■ **The problem**
Your copy of the listing should be exact and should contain no pictures.

Supplied data Block Start

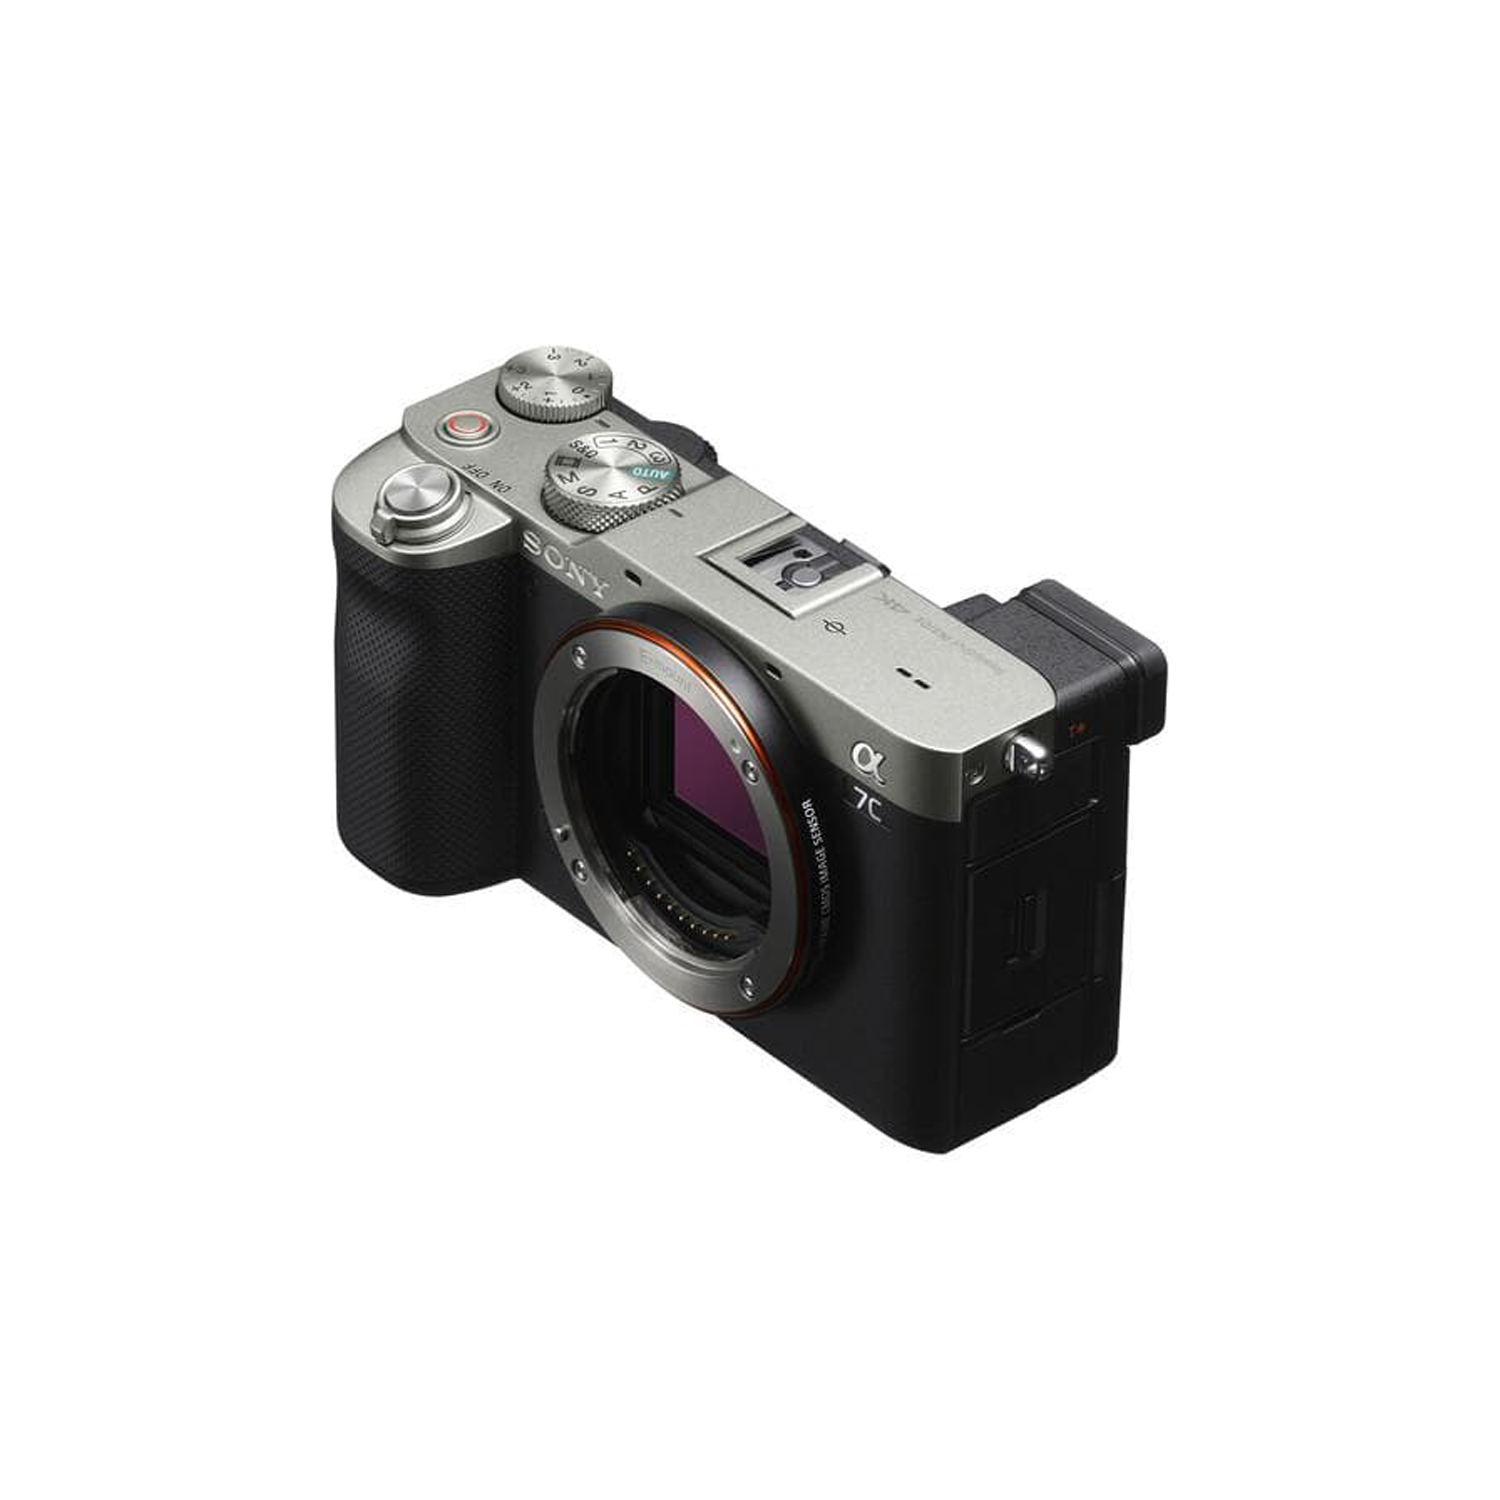 Sony Alpha 7C Mirrorless Nigital Camera Silver Boîtier Seulement - Boîte ouverte
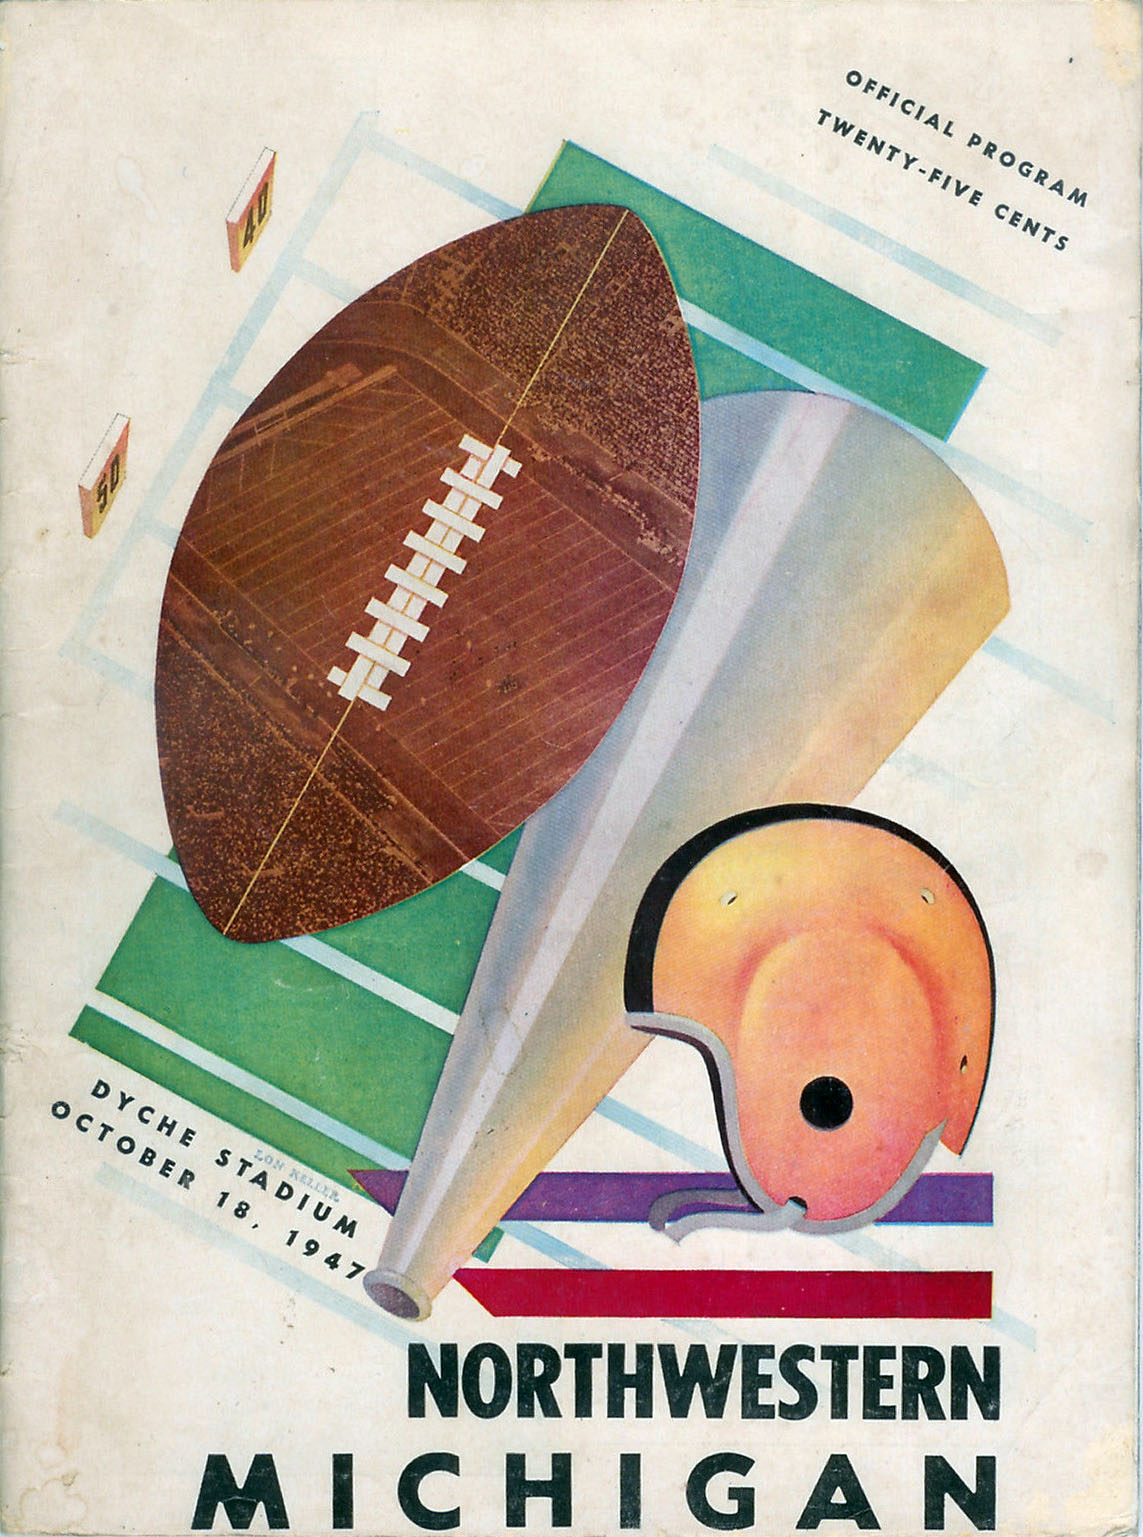 College Football Program: Northwestern Wildcats vs. Michigan Wolverines (October 18, 1947)
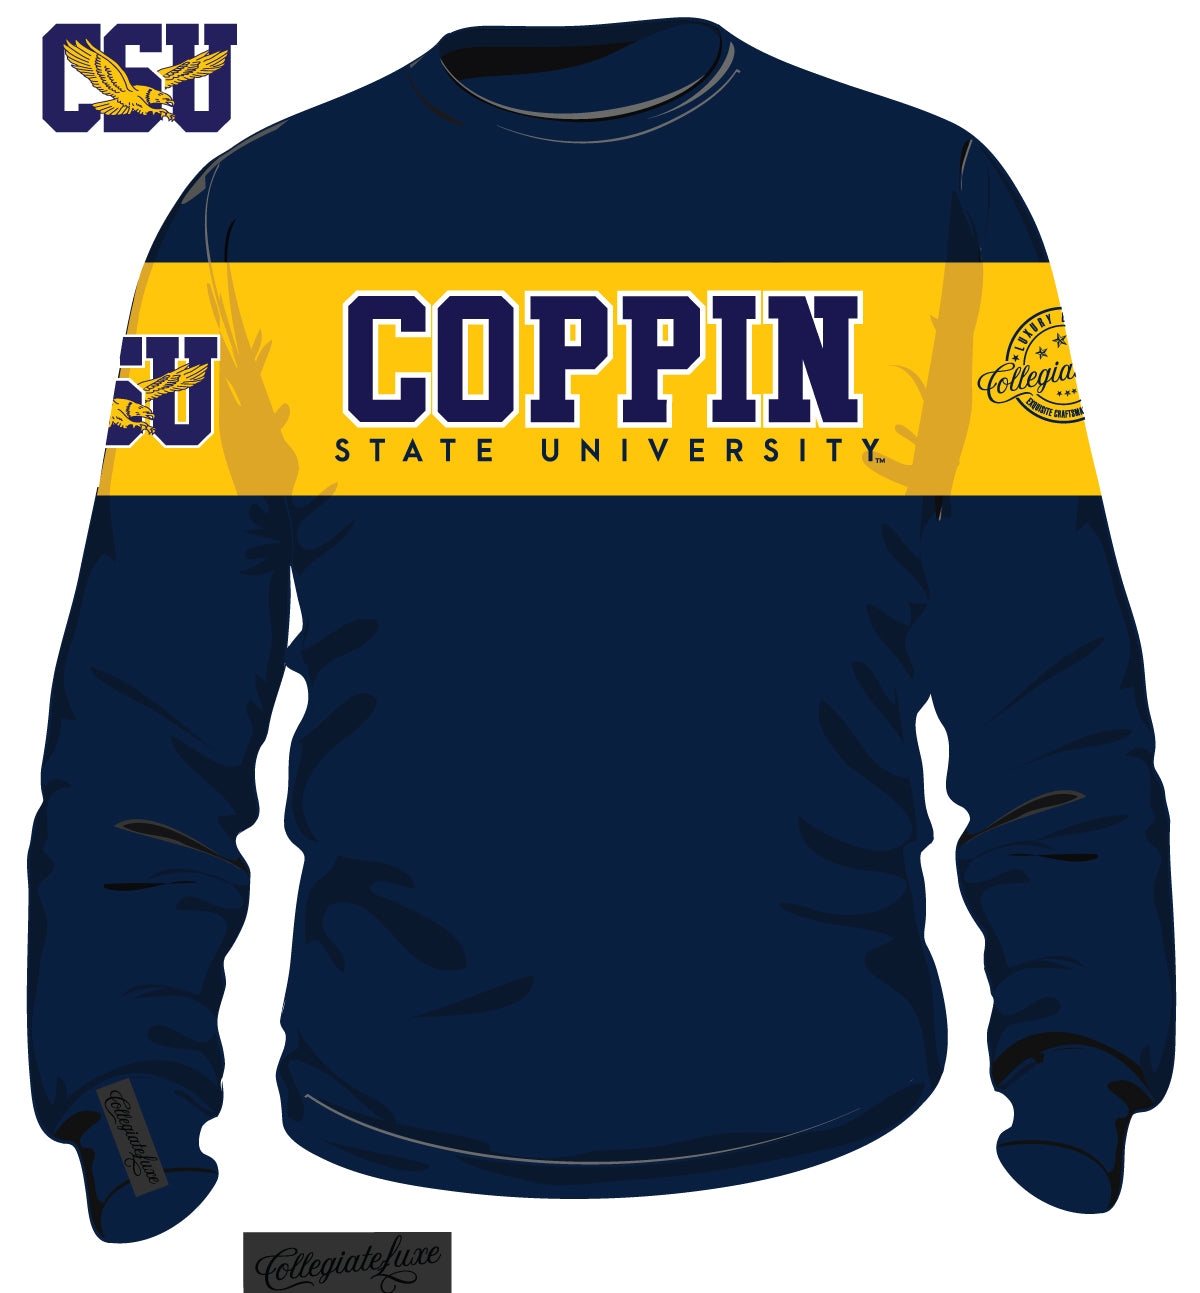 Coppin St. | 2 TONE (Chenille & Embroidery) Unisex Sweatshirt

Supplied data Block End

■ **Exercise answer**
 Sony Alpha 7C Mirrorless Nigital Camera Silver Boîtier Seulement - Boîte ouverte
 College Football Program: Northwestern Wildcats vs. Michigan Wolverines (October 18, 1947)
 Coppin St. | 2 TONE (Chenille & Embroidery) Unisex Sweatshirt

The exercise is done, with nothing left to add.